TITLE DENITRIFICATION
SOLUTION 1
    temp      25
    pH        8.24
    pe        12.471
    redox     pe
    units     mg/l
    density   1
    Al        0.065
    Ba        0.737
    C(4)      1 CO2(g)     -3.39
    Ca        32.4
    Cl        6.774
    F         1.029
    Fe        0.335
    K         1.349
    Li        0.003
    Mg        1.52
    Mn        0.003
    N(3)      0.824
    N(5)      29.286 charge
    Na        4.235
    S(6)      6.249
    Si        3.337
    Sr        0.085
    Ti        0.007
    Zn        0.165
    -water    1 # kg
EQUILIBRIUM_PHASES 1
#    O2(g)      -0.678 10
    CO2(g)    -3.39 10
REACTION 1
CH2O           1.0
3.75 mmol
END

I get the satisfying result that all nitrate has been transformed into dissolved nitrogen.

But I have added carbon and complicated my model with respect to carbon.

I could go this route and get my head around balancing the system for carbon and then present how much carbonate was generated in the system by denitrification.

But I would appreciate a simpler model.

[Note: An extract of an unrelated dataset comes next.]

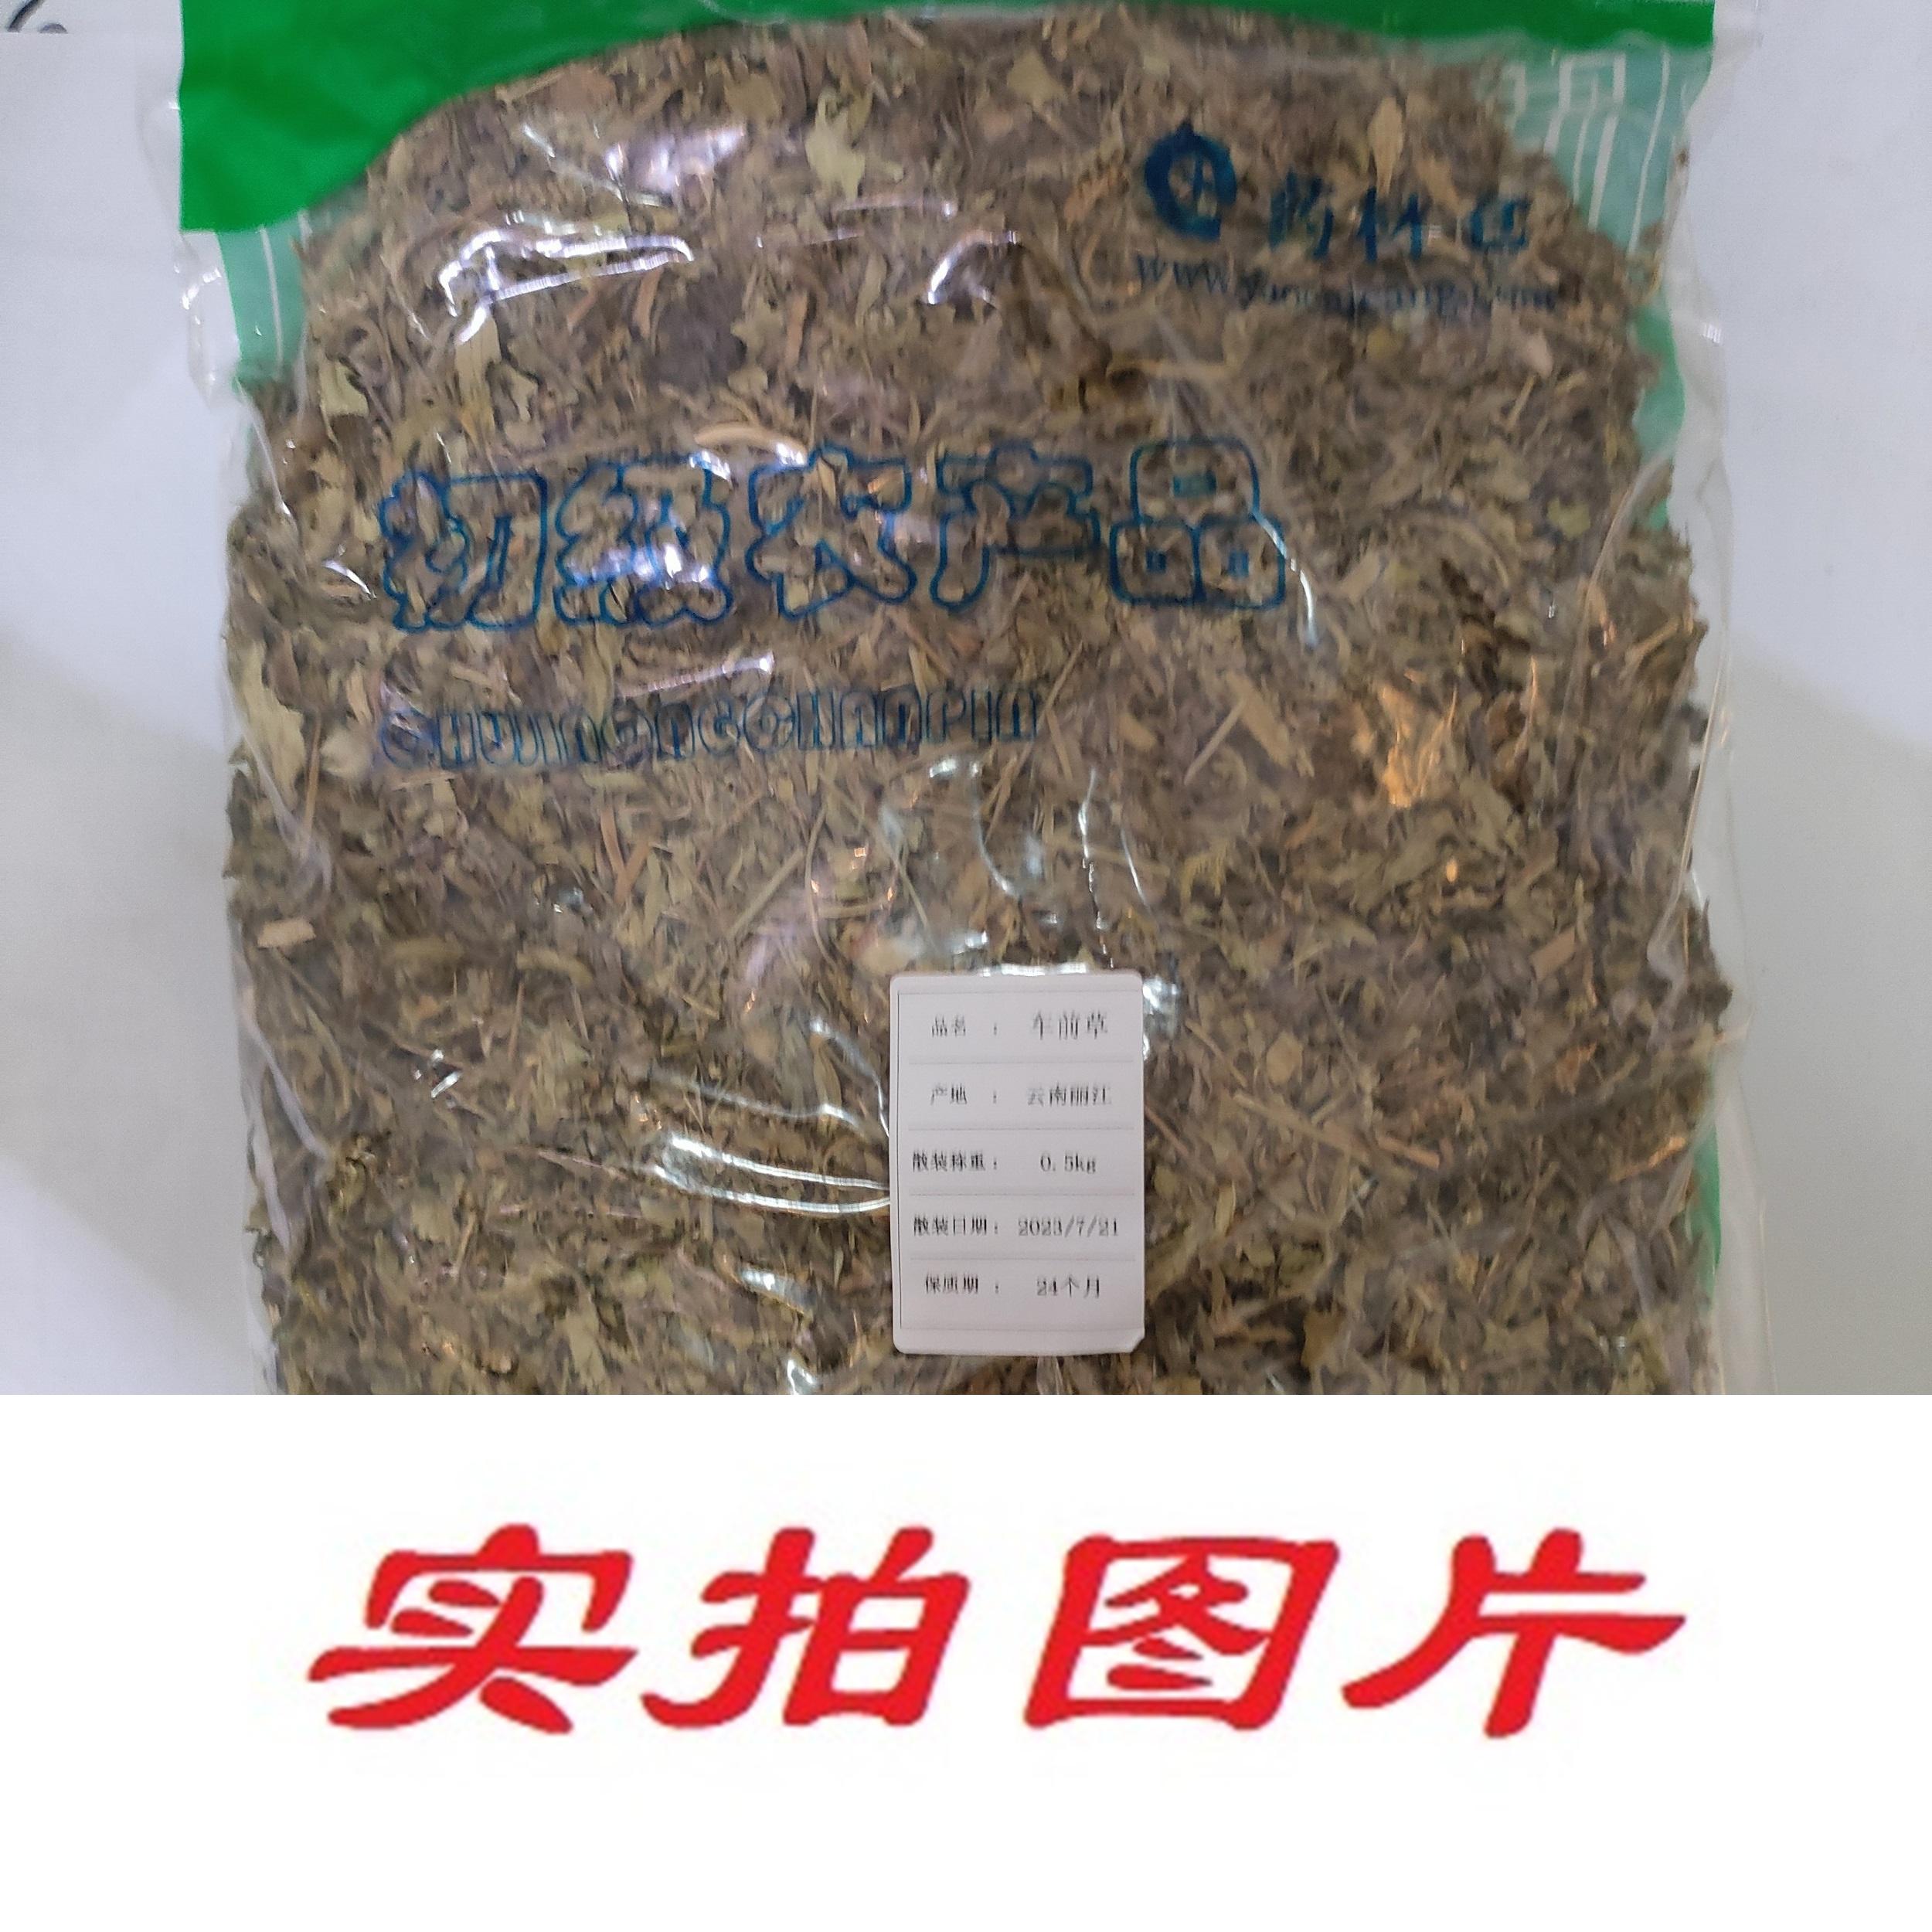 【】车前草0.5kg-农副产品

Such as the following, which gives me conceptual problems:

TITLE DENITRIFICATION
SOLUTION 1
    temp      25
    pH        8.24
    pe        12.471
    redox     pe
    units     mg/l
    density   1
    Al        0.065
    Ba        0.737
    C(4)      1 CO2(g)     -3.39
    Ca        32.4
    Cl        6.774
    F         1.029
    Fe        0.335
    K         1.349
    Li        0.003
    Mg        1.52
    Mn        0.003
    N(3)      0.824
    N(5)      29.286 charge
    Na        4.235
    S(6)      6.249
    Si        3.337
    Sr        0.085
    Ti        0.007
    Zn        0.165
    -water    1 # kg
EQUILIBRIUM_PHASES 1
#    O2(g)      -0.678 10
    CO2(g)    -3.39 10
REACTION 1
    H+1        -1
    NO3-1      -1
    4.072E-04 moles in 1 steps
END

At first glance I get similar pH levels between the simulation involving addition of organic matter as CH2O and subtraction of nitric acid from the system. There are differences between carbonate concentrations.

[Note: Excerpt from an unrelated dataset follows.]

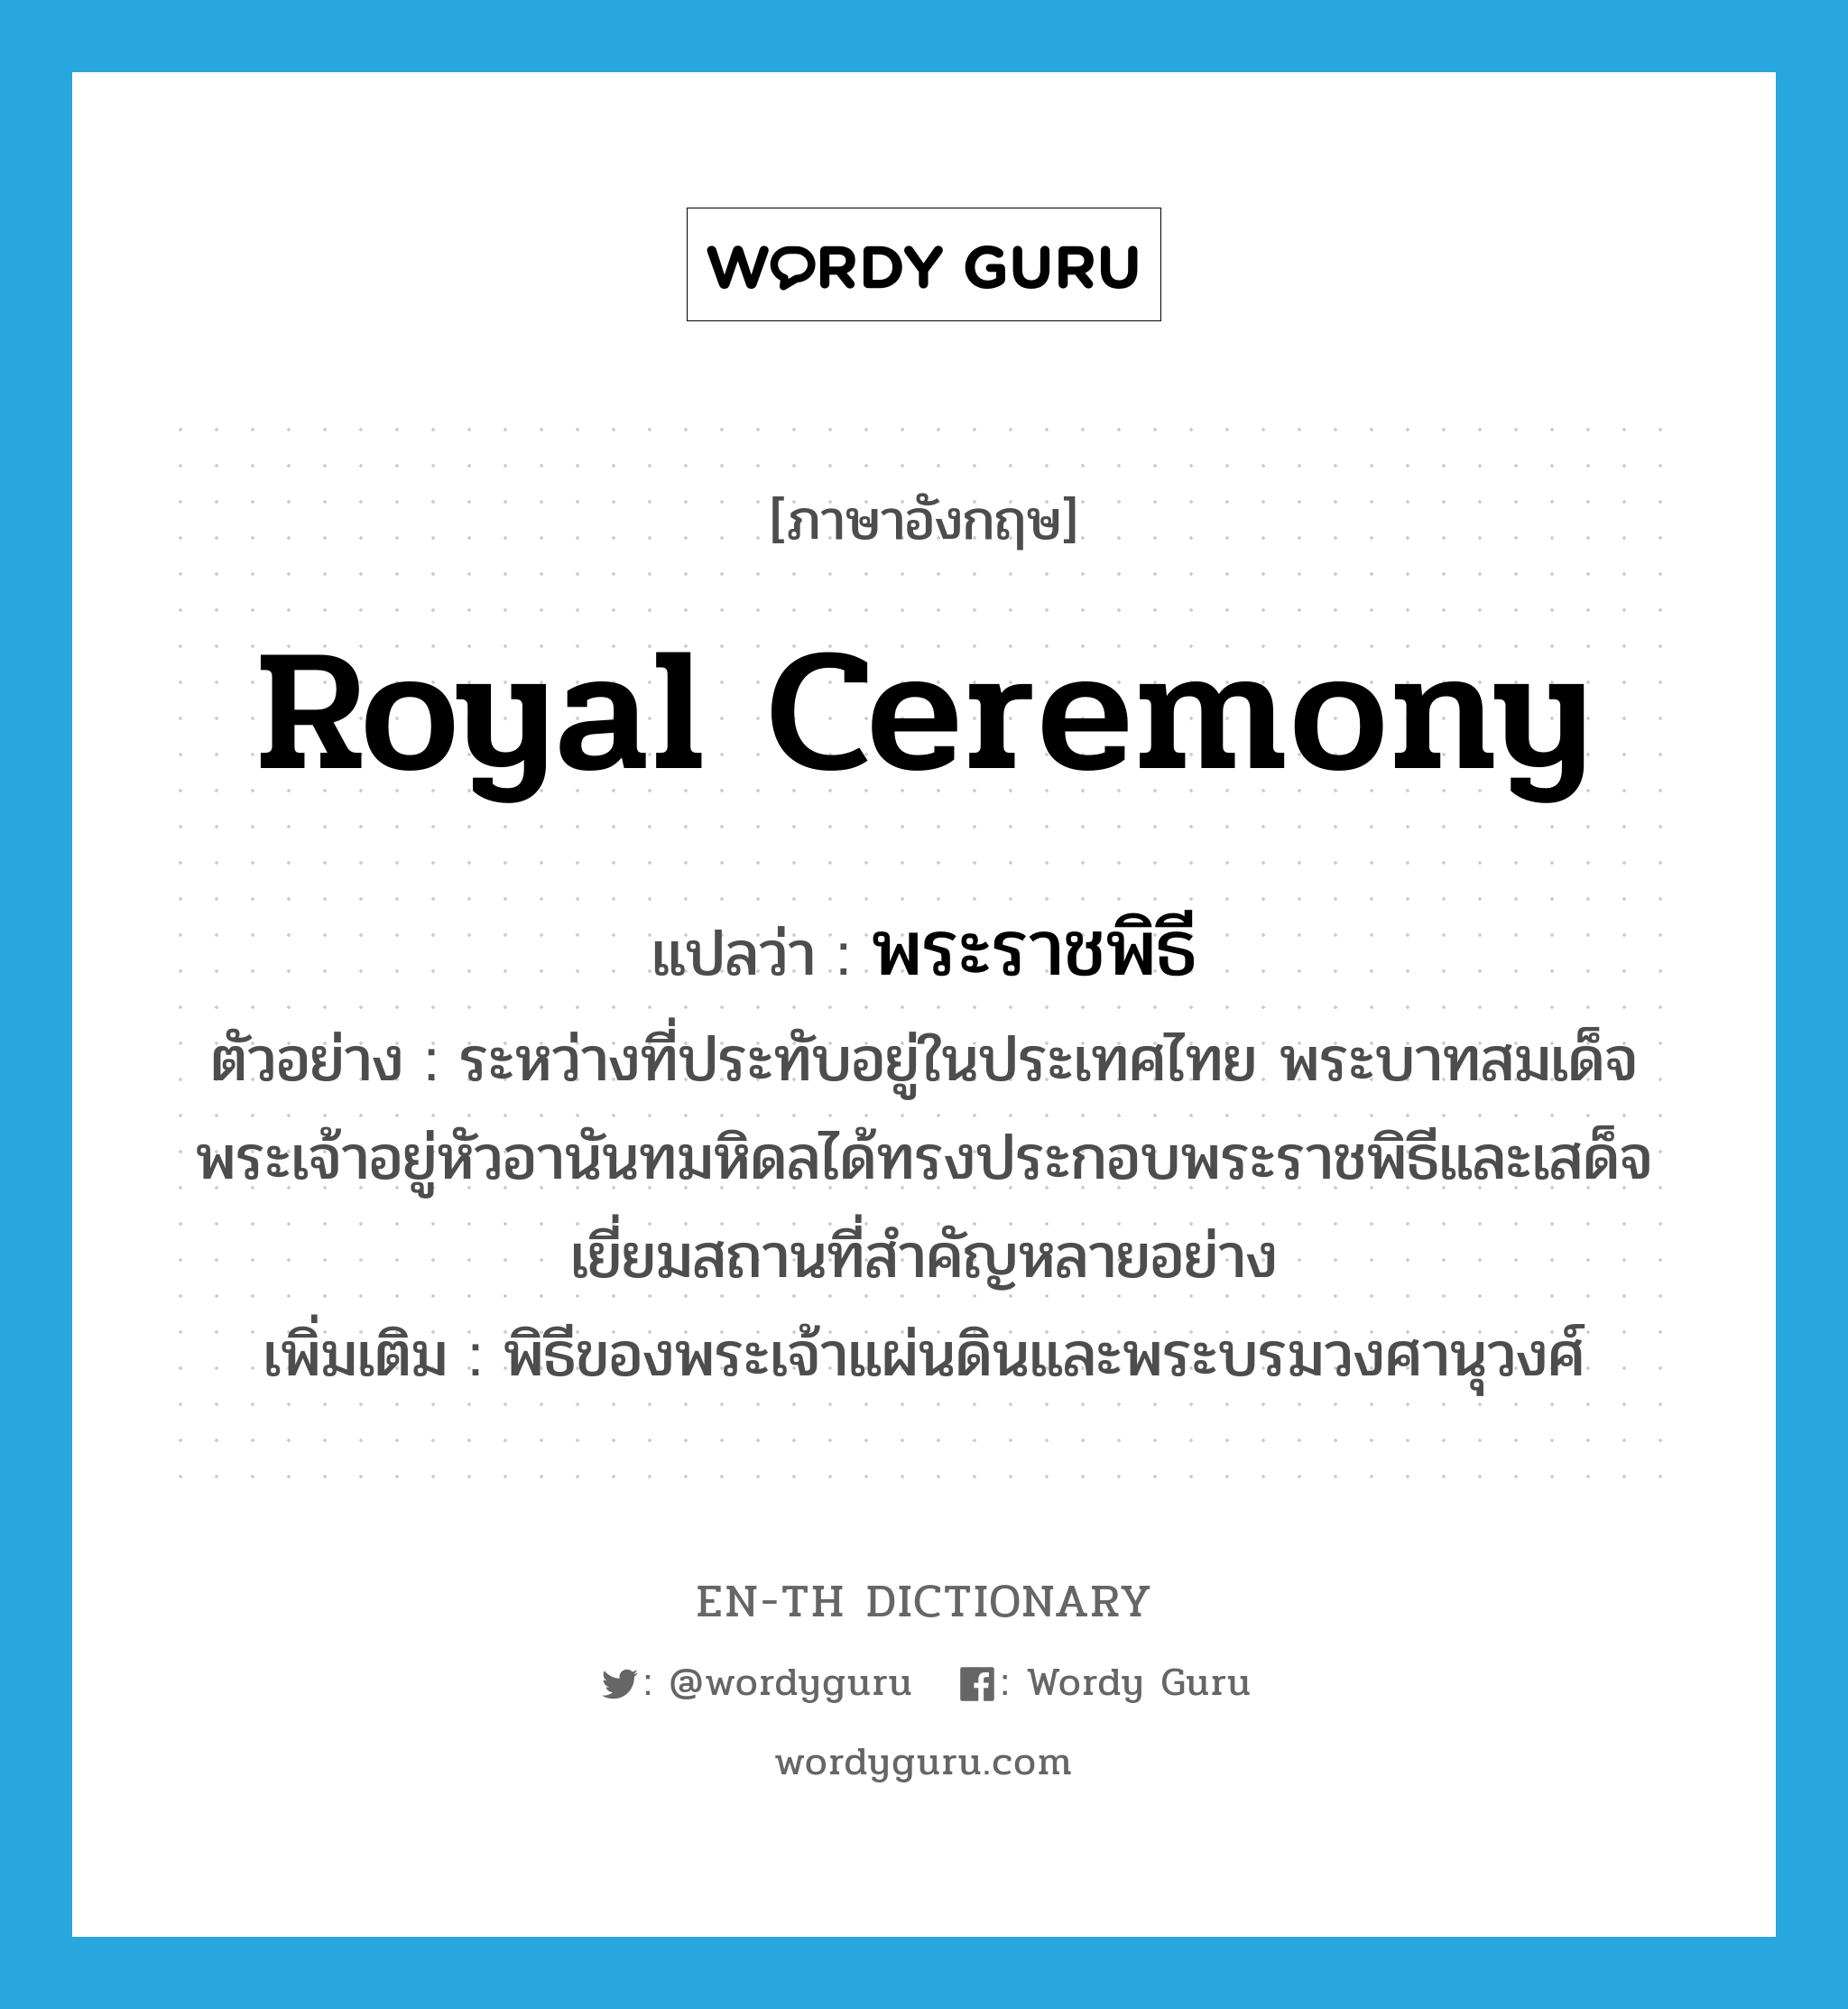 royal ceremony แปลว่า?, คำศัพท์ภาษาอังกฤษ royal ceremony แปลว่า พระราชพิธี ประเภท N ตัวอย่าง ระหว่างที่ประทับอยู่ในประเทศไทย พระบาทสมเด็จพระเจ้าอยู่หัวอานันทมหิดลได้ทรงประกอบพระราชพิธีและเสด็จเยี่ยมสถานที่สำคัญหลายอย่าง เพิ่มเติม พิธีของพระเจ้าแผ่นดินและพระบรมวงศานุวงศ์ หมวด N

Before I go into detail on comparing the systems, I ask:

Is the method of "subtracting" nitric acid too brutal for a simulation of denitrification?
Should I stick with the addition of organic material as a reducing agent?

All the best,
Peter

Without detailed and careful accounting to check if the

[dlparkhurst]

I would use the following approach, which adds CH2O to reduce nitrate.

Code: [Select]

SOLUTION 1
pH 7
Na 1
N(5) 1
END
USE solution 1
REACTION
CH2O 1
0.001 moles
END

The Amm.dat database keeps Amm as a separate element and has removed N(-3) and NH3 species. Using it, nitrification would be done by REACTION or KINETICS. If O2(aq) is present, you can simply use the following:

REACTION
Amm -1
NH3   +1
0.0001 moles
END

Alternatively, if N(-3) is present and O2(aq) is absent, you can use phreeqc.dat to oxidize ammonium. You need to redefine the N2(aq) species with a log K many orders of magnitude smaller. Thus when you add O2 by REACTION, EQUILIBRIUM_PHASES, or KINETICS, N(-3) will oxidize to N(5) and skip N(0).  Denitirification would have to be done by REACTION or KINETICS including N, Ntg, and C.